Maio 2014 vol. 1 num. 1 - 10th World Congress on Computational Mechanics
Full Article - Open Access.
FINITE ELEMENT MODELING EXPERIMENTS OF UNSTEADY FLOW AROUND A CIRCULAR CYLINDER
The finite element method (FEM) has become one of the most important and useful engineering tools for engineers and scientists in the last three decades. Finite element method is considered very powerful and efficient tool in solving partial differential equations. Seeking for exact solution of some engineering applications, such as fluid flow problems, is still a challenging task to overcome. Based on this, finite element method can be used to model such problems and it is possible to obtain solution near to the exact one.

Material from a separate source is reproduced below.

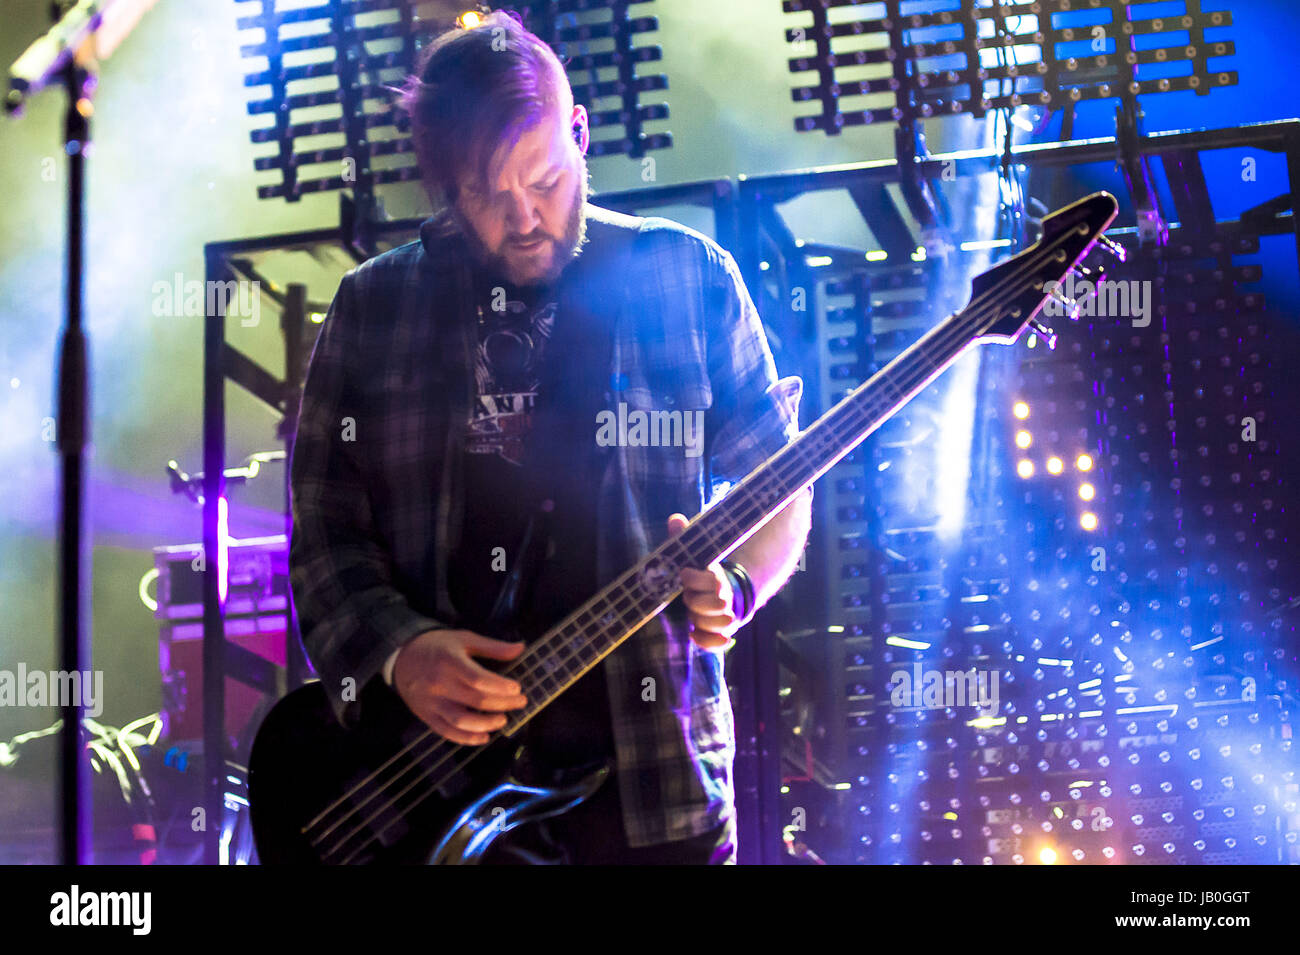 Anaheim, Anaheim, USA. 6th June, 2017. Dale Stewart of Seether, a South African rock band founded in May 1999 in Pretoria, Gauteng, South Africa makes a stop on their current 2017 world tour at the House of Blues in Anaheim CA. Clint Lowery from Sevendust joins Seether as a touring guitarist. Credit: Dave Safley/ZUMA Wire/Alamy Live News Stock Photo
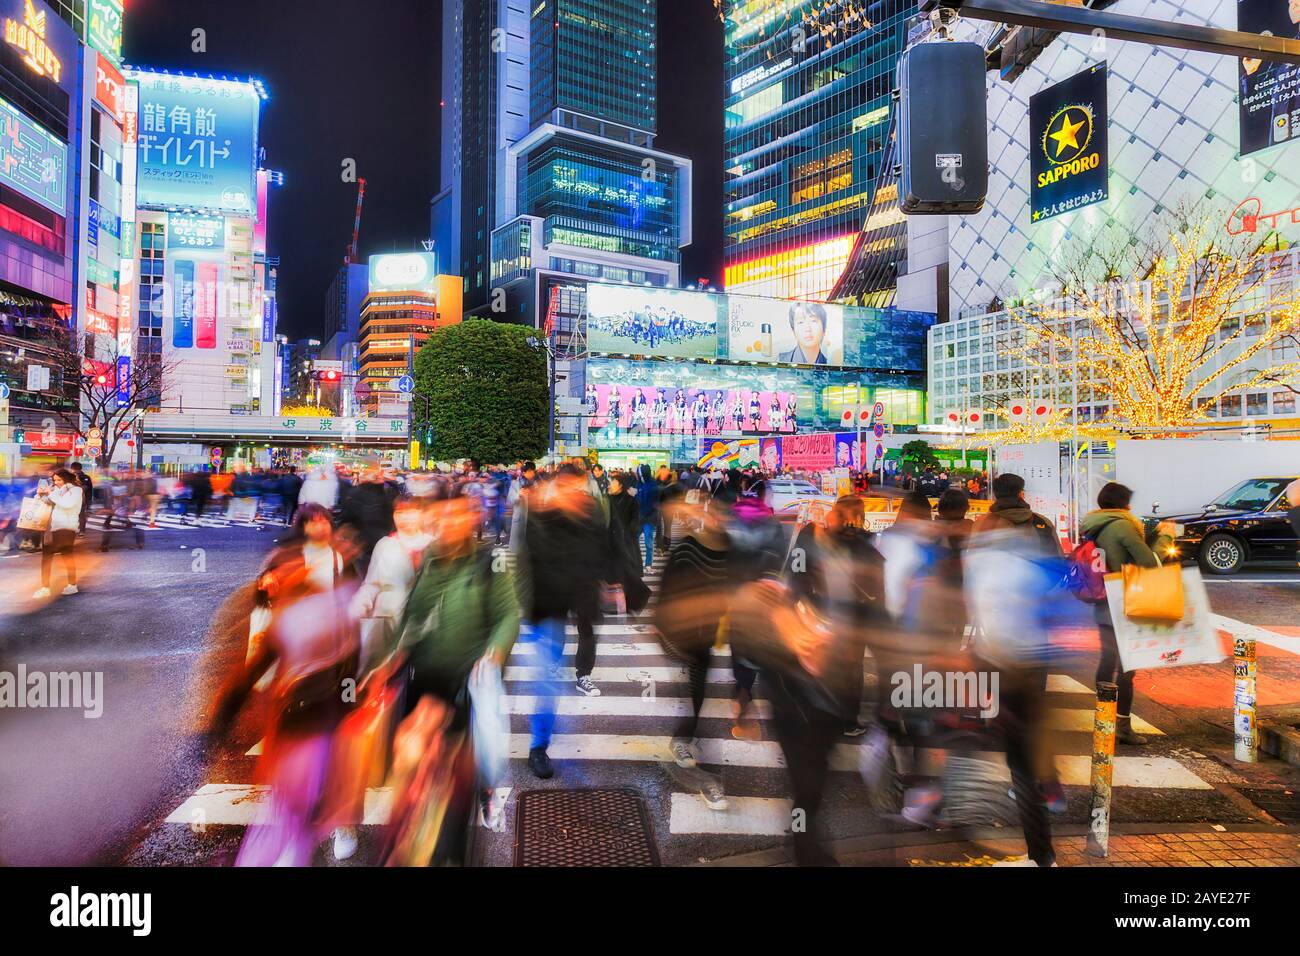 Shibuya, TOKYO, JAPAN - 29 December 2019: Famous Shibuya crossing in TOkyo city at night with blurred people crowds and bright billboards. Stock Photo

In the present study, FEM is employed to discretize the governing equations for a viscous incompressible fluid flow around a circular cylinder inside a 2D channel. The fluid flow is described by the Navier– Stokes equations. There are many methods to tackle these equations. However, minding computational speed the choice is for a simple method called Chorin’s projection method for discretizing the Navier-Stokes equations. Results are presented for two different meshes and is shown that the elements density have some significant influence in the results. Also, there is an apparent effect on Cd and Cl calculation on the cylinder.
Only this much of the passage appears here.